To describe the prevalence, timing, and quality of documented SI conversations and evaluate their focus on patient goals/priorities.


Thirty-three patients with GBM enrolled in the control group of a randomized controlled trial of a communication intervention and were followed for 2 years or until death. At baseline, all patients answered a validated question about preferences for life-extending versus comfort-focused care and completed a Life Priorities Survey about their goals/priorities. In this secondary analysis, retrospective chart review was performed for 18 patients with GBM who died. Documented SI conversations were systematically identified and evaluated using a codebook reflecting 4 domains: prognosis, goals/priorities, end-of-life planning, and life-sustaining treatments. Patient goals/priorities were compared to documentation.

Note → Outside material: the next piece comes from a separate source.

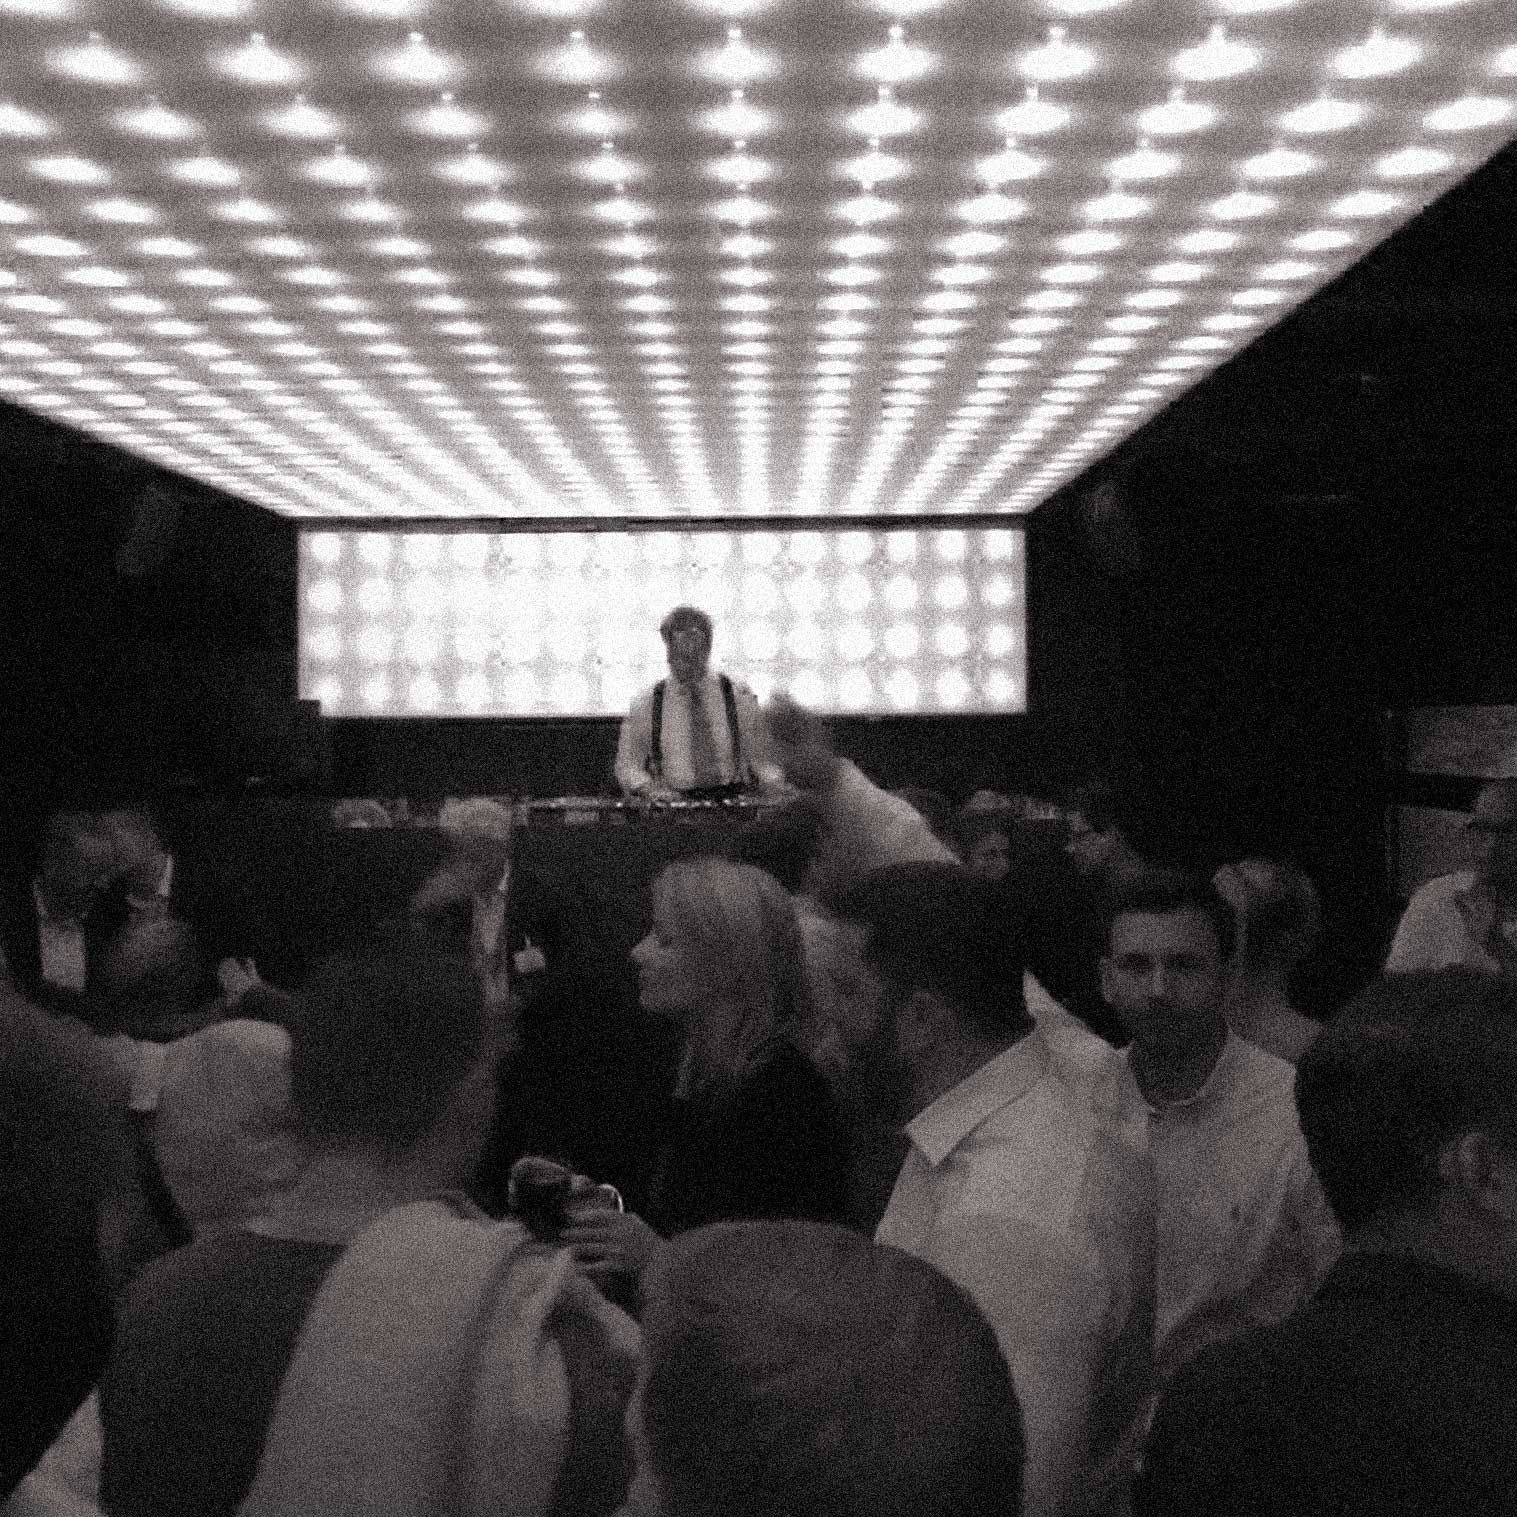 DJ Dandy O. playing in front of dancing people in a club.
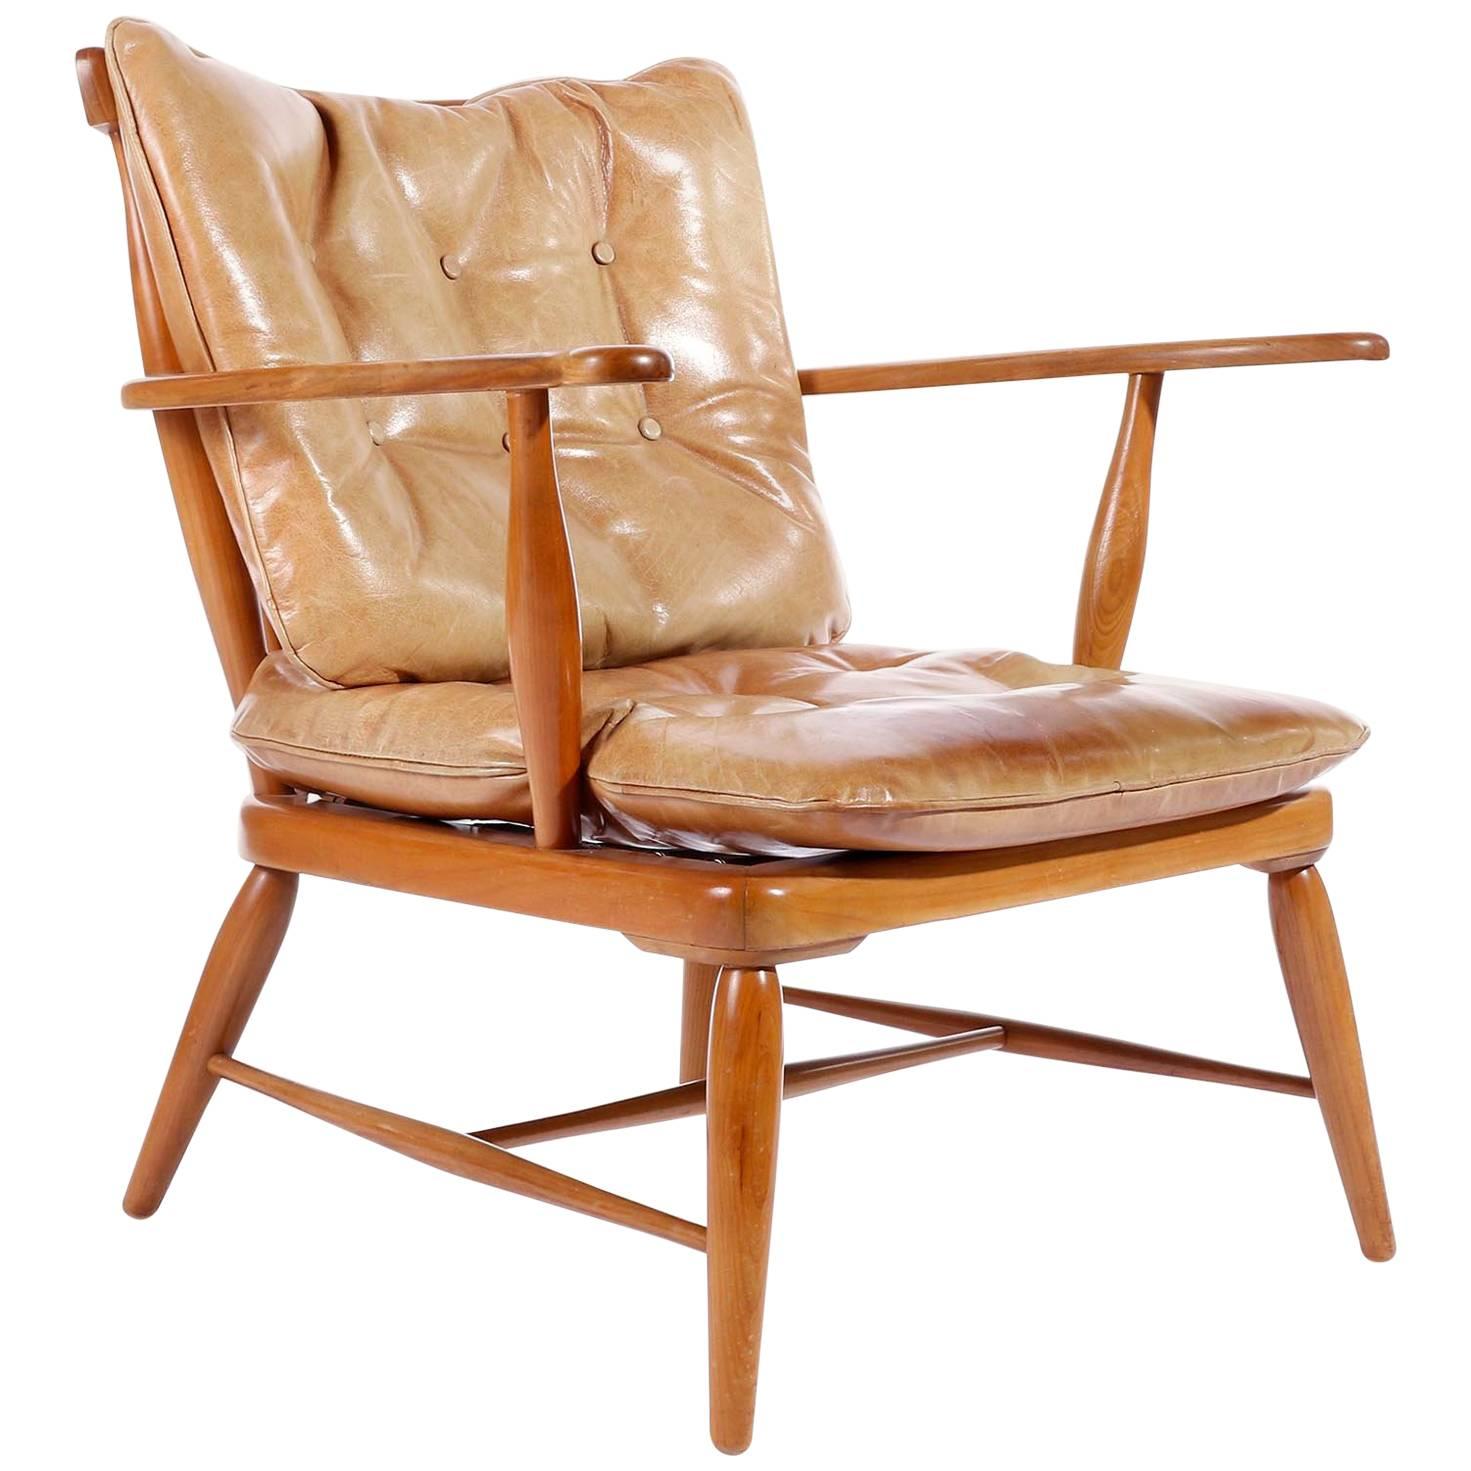 Mid-Century Modern, Arm Chair in Wood and Patinated Cognac Leather, 1950

At baseline, 16 of 24 patients preferred life-extending care. In the Life Priorities Survey, goals/priorities most frequently ranked among the top 3 were “Live as long as possible,” “Be mentally aware,” “Provide support for family,” “Be independent,” and “Be at peace.” Fifteen of 18 patients had at least 1 documented SI conversation (range: 1-4). Median timing of the first documented SI conversation was 84 days before death (range: 29-231; interquartile range: 46-119). Fifteen patients had documentation about end-of-life planning, with “hospice” and “palliative care” most frequently documented. Five of 18 patients had documentation about their goals.


Patients with GBM had multiple goals/priorities with potential treatment implications, but documentation showed SI conversations occurred relatively late and infrequently reflected patient goals/priorities.